*EXERCISE DATA*:
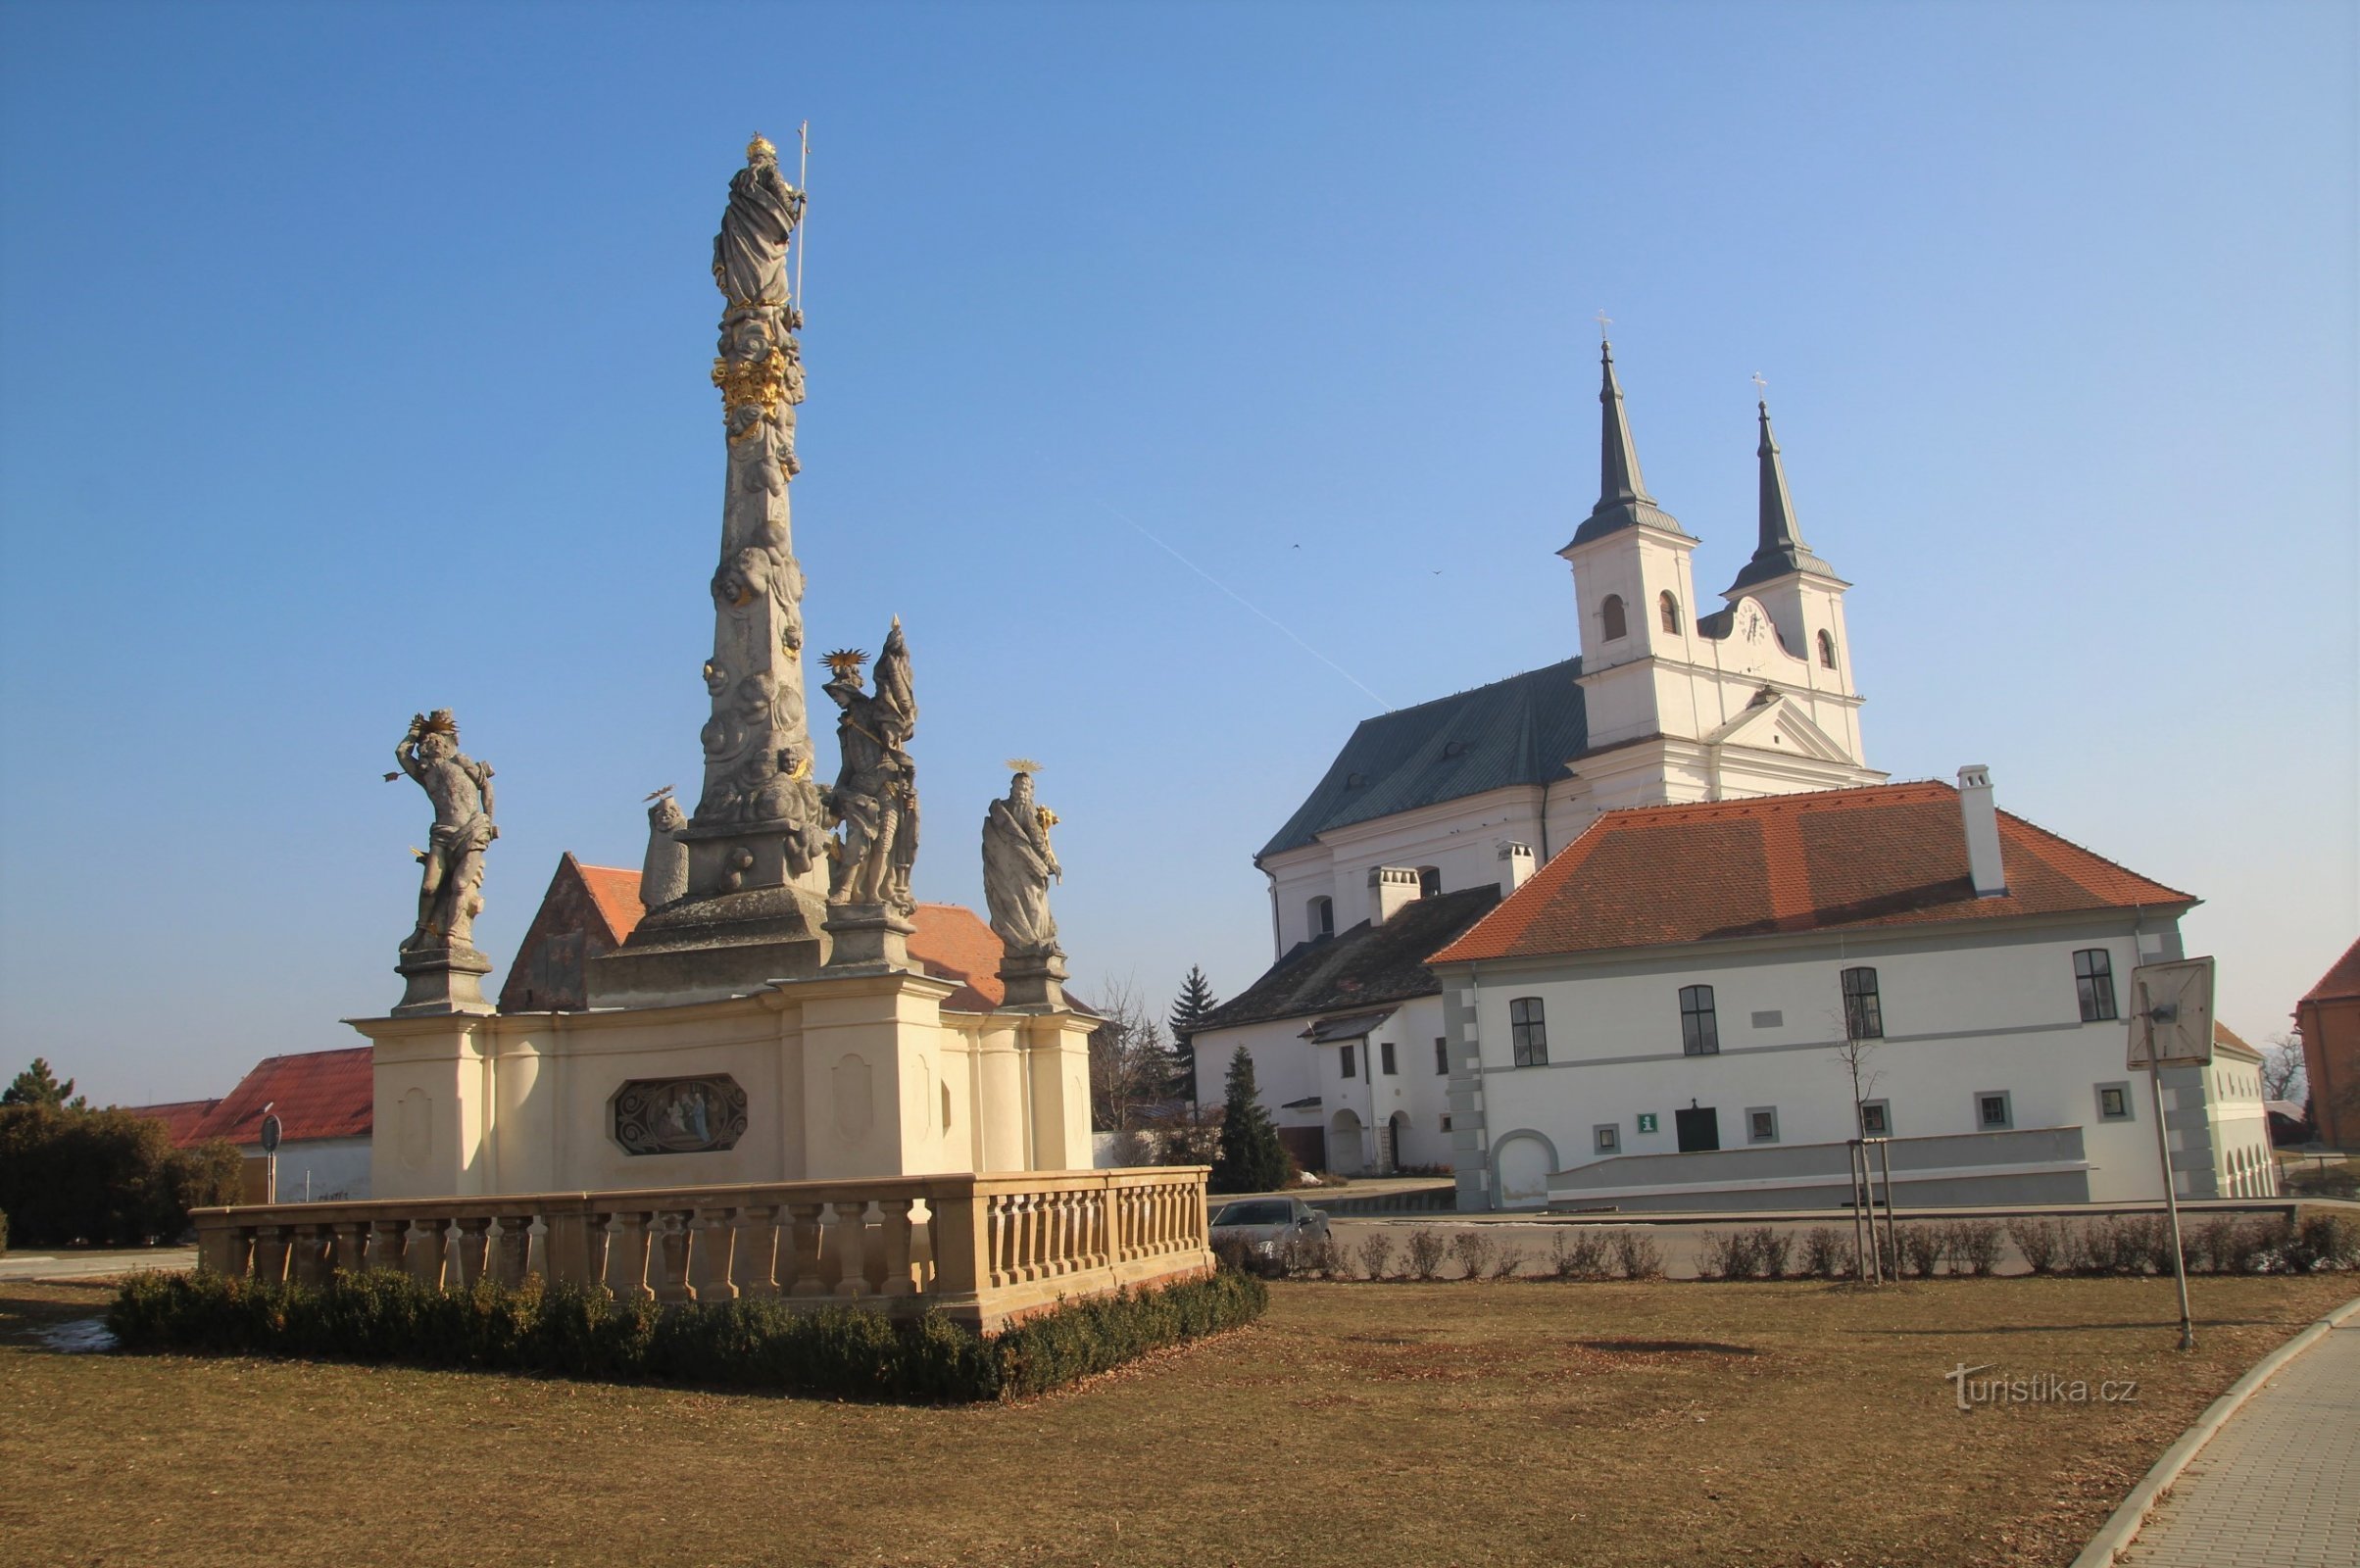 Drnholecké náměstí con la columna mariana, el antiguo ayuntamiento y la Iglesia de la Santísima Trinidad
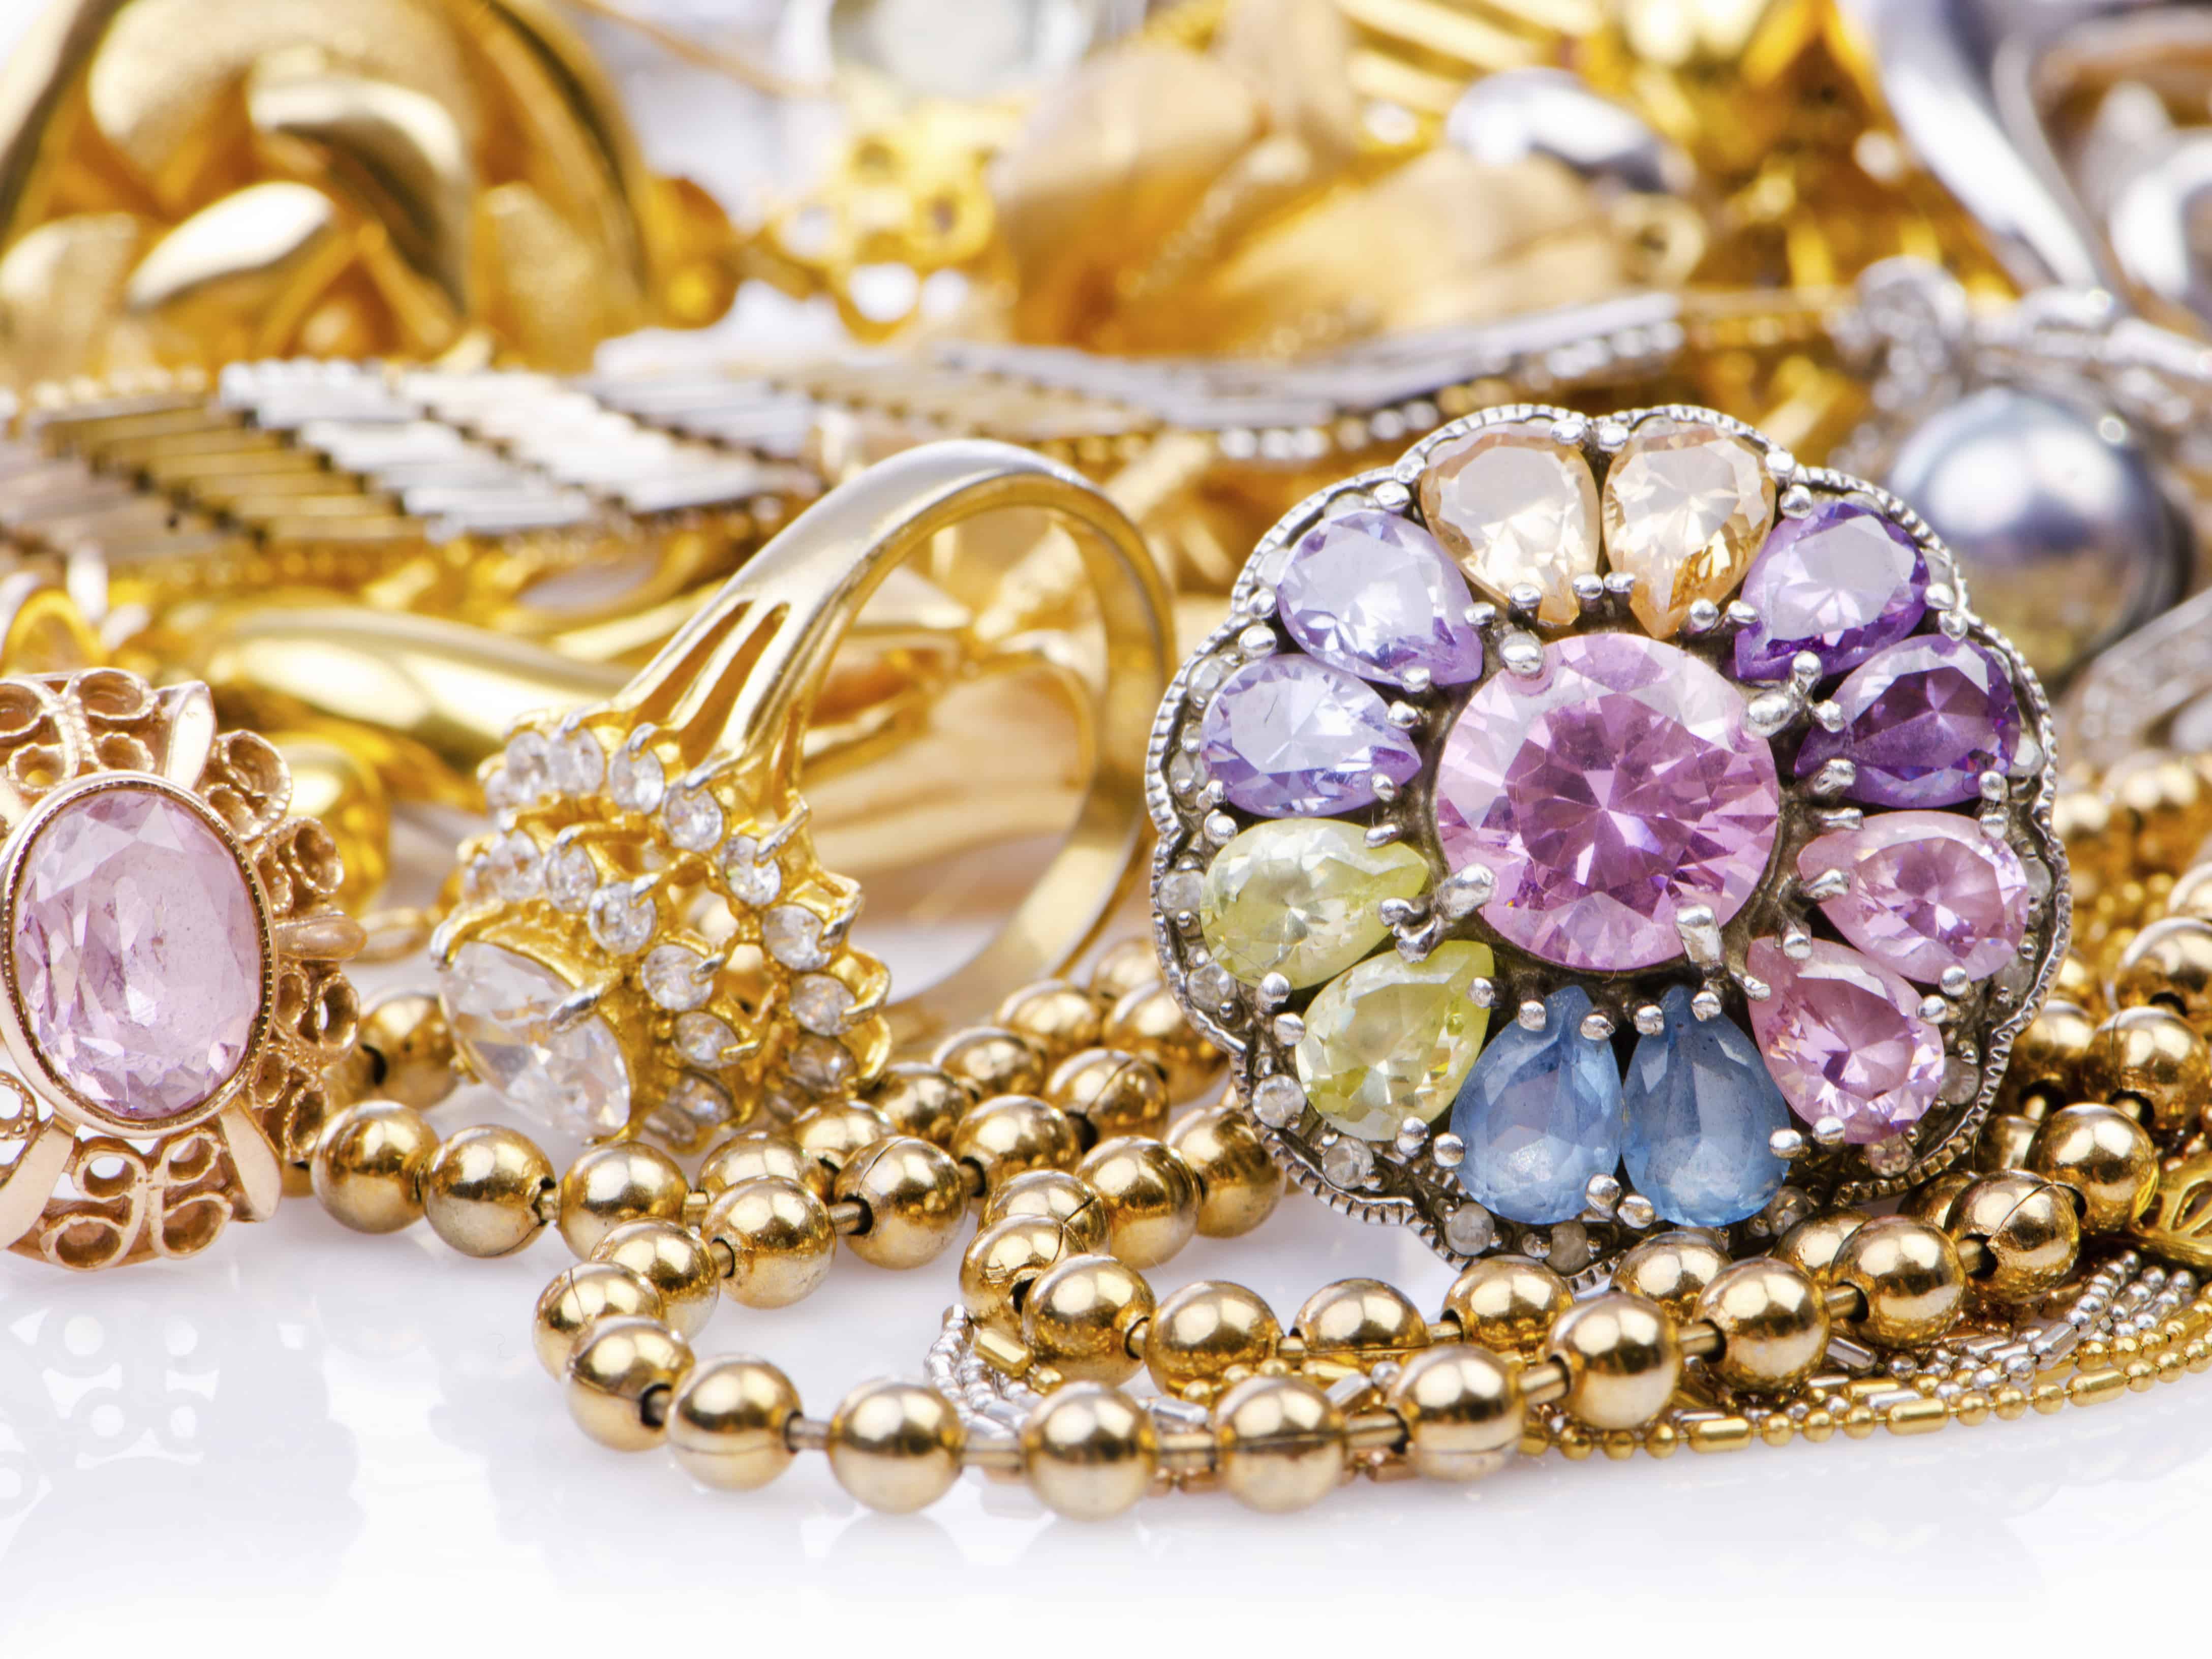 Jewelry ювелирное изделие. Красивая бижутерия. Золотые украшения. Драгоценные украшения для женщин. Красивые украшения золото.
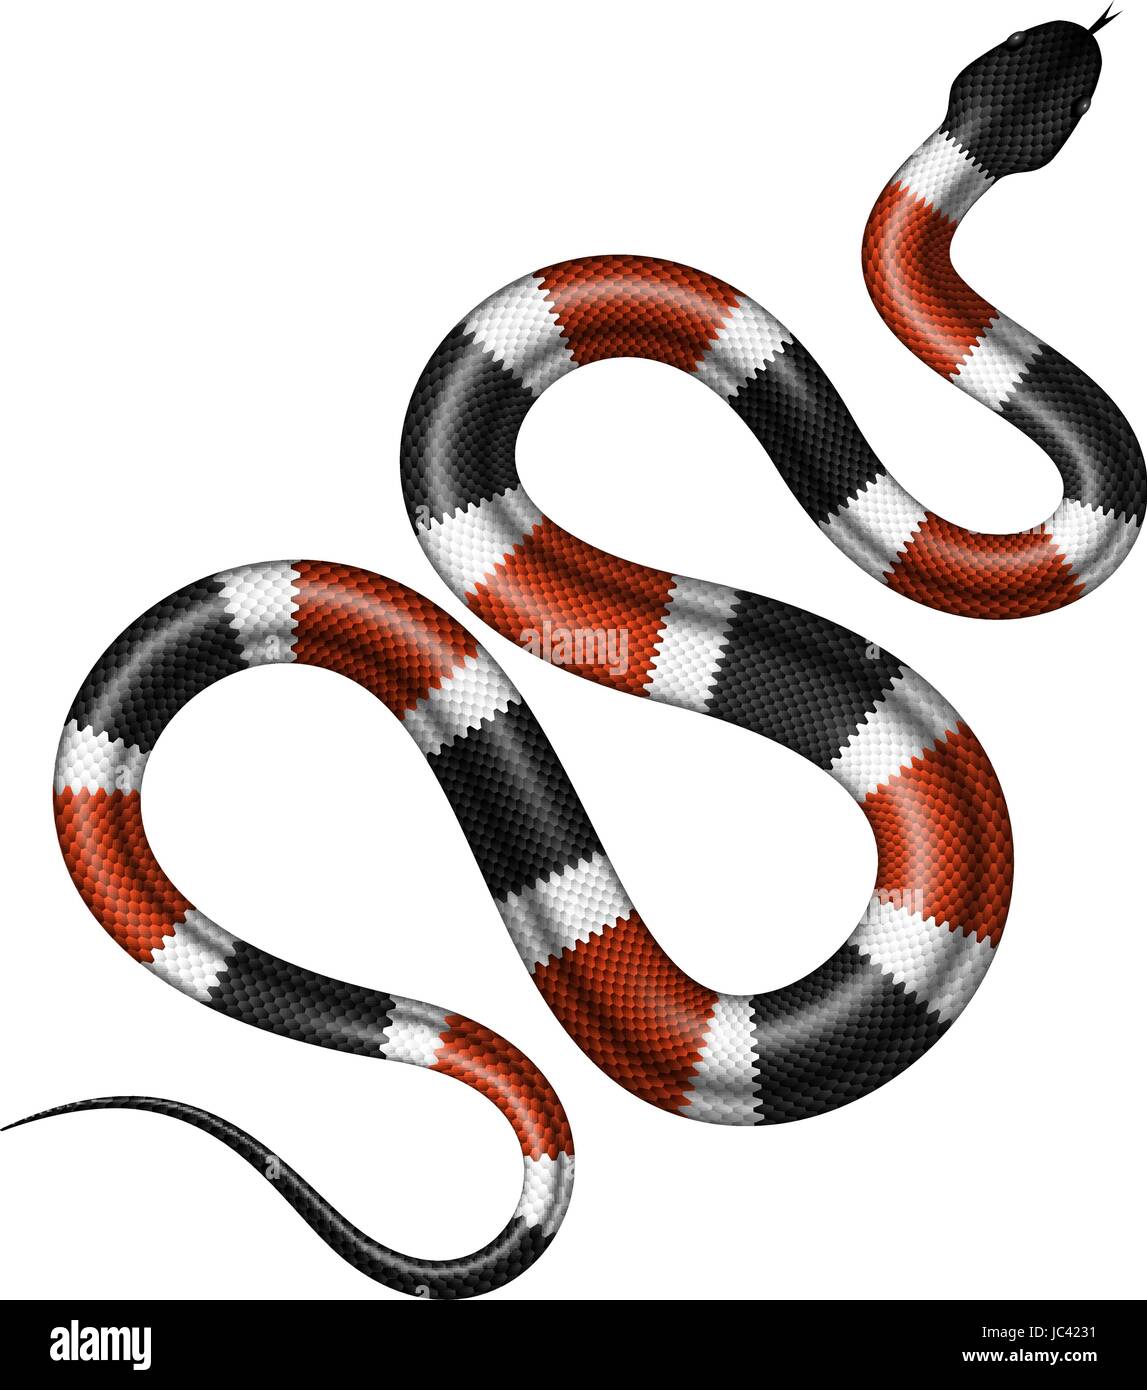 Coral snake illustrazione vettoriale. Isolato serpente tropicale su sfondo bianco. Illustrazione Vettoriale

*TASK TO COMPLETE*: Without including any picture, write out the material above verbatim.

*SOLUTION BELOW*:
 Drnholecké náměstí con la columna mariana, el antiguo ayuntamiento y la Iglesia de la Santísima Trinidad
 Jewelry ювелирное изделие. Красивая бижутерия. Золотые украшения. Драгоценные украшения для женщин. Красивые украшения золото.
 Coral snake illustrazione vettoriale. Isolato serpente tropicale su sfondo bianco. Illustrazione Vettoriale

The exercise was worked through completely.